Lubke, Gitta H.;ย Muthen, Bengt O. (2004). Applying Multigroup Confirmatory Factor Models for Continuous Outcomes to Likert Scale Data Complicates Meaningful Group Comparisons. *Structural Equation Modeling, 11*, 514-534.

Shubhi says

Hi Keren,

If my explanatory variable is 5 point likert scale and dependent variable is numerical variable, then can I use this likert scale variables as one of the explanatory variable along with other numerical macro variables in mixed effect modelling ?

David Crow says

As a survey researcher, I’ve found that treating a Likert-type item as an interval (or, perhaps more properly, ratio) is common, especially when there are many items or the items are explanatory variables. (When using a four- or five-point ordinal response scale as the dependent variable, ordinal regression is generally better, in my view.)

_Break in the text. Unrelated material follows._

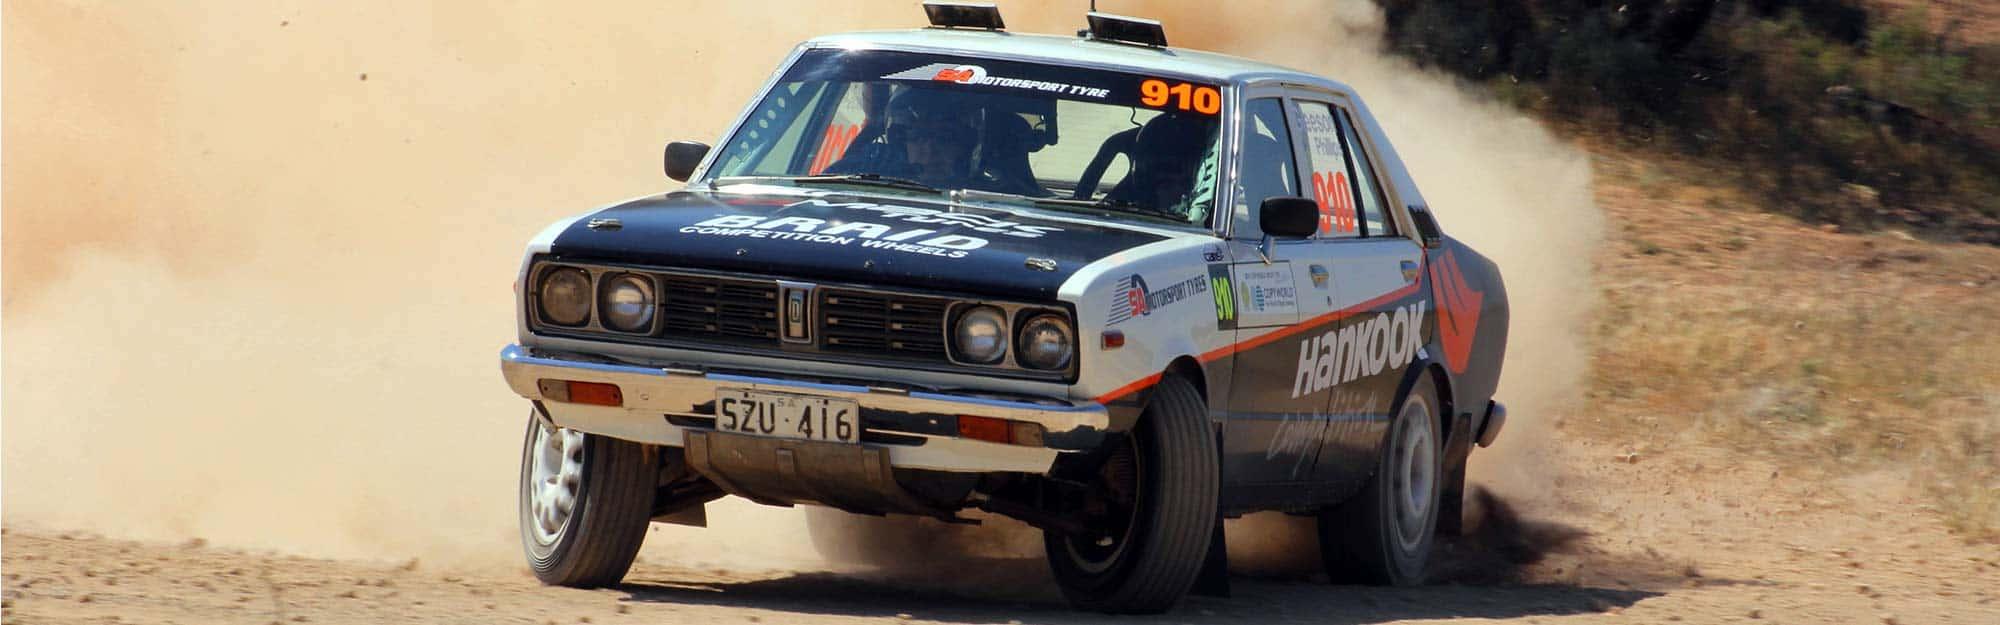 Gravel Rally Tyres

The assumption that underlies treating an ordinal response scale as interval as that the categories are equidistant–i.e., that the difference between “Strongly Agree” and “Agree” is the same as the difference between “Strongly Disagree” and “Disagree.” That’s a reasonable assumption, in many cases, especially as the number of ordinal response categories increases. Psychometric research shows that beyond seven points, the human mind gets flummoxed when it attempts to make distinctions that are too nice. Imposing the assumption of equidistance does distort the data, but often doesn’t do too much violence, or none at all, while greatly simplifying the analysis.

I especially appreciate, Karen, your first observation, about the difference between “Likert scales” and “Likert items.” I see “Likert scale” misapplied so often that I want to tear my hair in wild despair. I would only add that “Likert item” itself is misused frequently. Technically, an item in a Likert scale must be symmetrical (that is, the lowest value in the scale is just the semantic negation of the highest value, such as “Strongly Disagree” and “Strongly Agree”). Also, there must be a middle, neutral option (such as “Neither Agree nor Disagree”), which necessarily implies a minimum of five points.

So, a four-point ordinal scale like “Not at All,” “Not Much,” “Somewhat,” and “A Lot” is not a Likert item both because it is not symmetrical (with an even number of categories arrayed above and below a hypothetical midpoint on the scale) and because there is no neutral midpoint. Even the four-point ordinal scale “Strongly Disagree,” “Disagree,” “Agree,” “Strongly Agree,” though symmetrical, lacks a neutral midpoint. So, in my view, using the term “Likert-type item” to apply to the latter example is more accurate. The first example is so far from being a Likert item that I wouldn’t even use the word “Likert” at all. But I appreciate your concern for accuracy, Karen!

Bruce Weaver says

Here’s another article to add to the reference list:

Liddell, T. M., & Kruschke, J. K. (2018). Analyzing ordinal data with metric models: What could possibly go wrong?. Journal of Experimental Social Psychology, 79, 328-348. https://www.sciencedirect.com/science/article/pii/S0022103117307746

Alex Sampratt says

This was really helpful

Steve Provost says

Thank you Karen this is very useful and the lead to reference material is invaluable.

DEBJANI ROY says

Can we use the scale value of the likert items in the model?

DEBJANI ROY says

Suppose I have a binary response and a set of covariates measured on likert scale. Now by treating the likert items as a continuous variable we can get a density plot and by observing the density plot we can make a distributional assumption. Based on that distribution we can obtain the scale values of the item. Now can we use those scale values of the likert items in the model ?

Deja L. says

In fact, I had red somewhere it was not Likert Scale but Likert Rating.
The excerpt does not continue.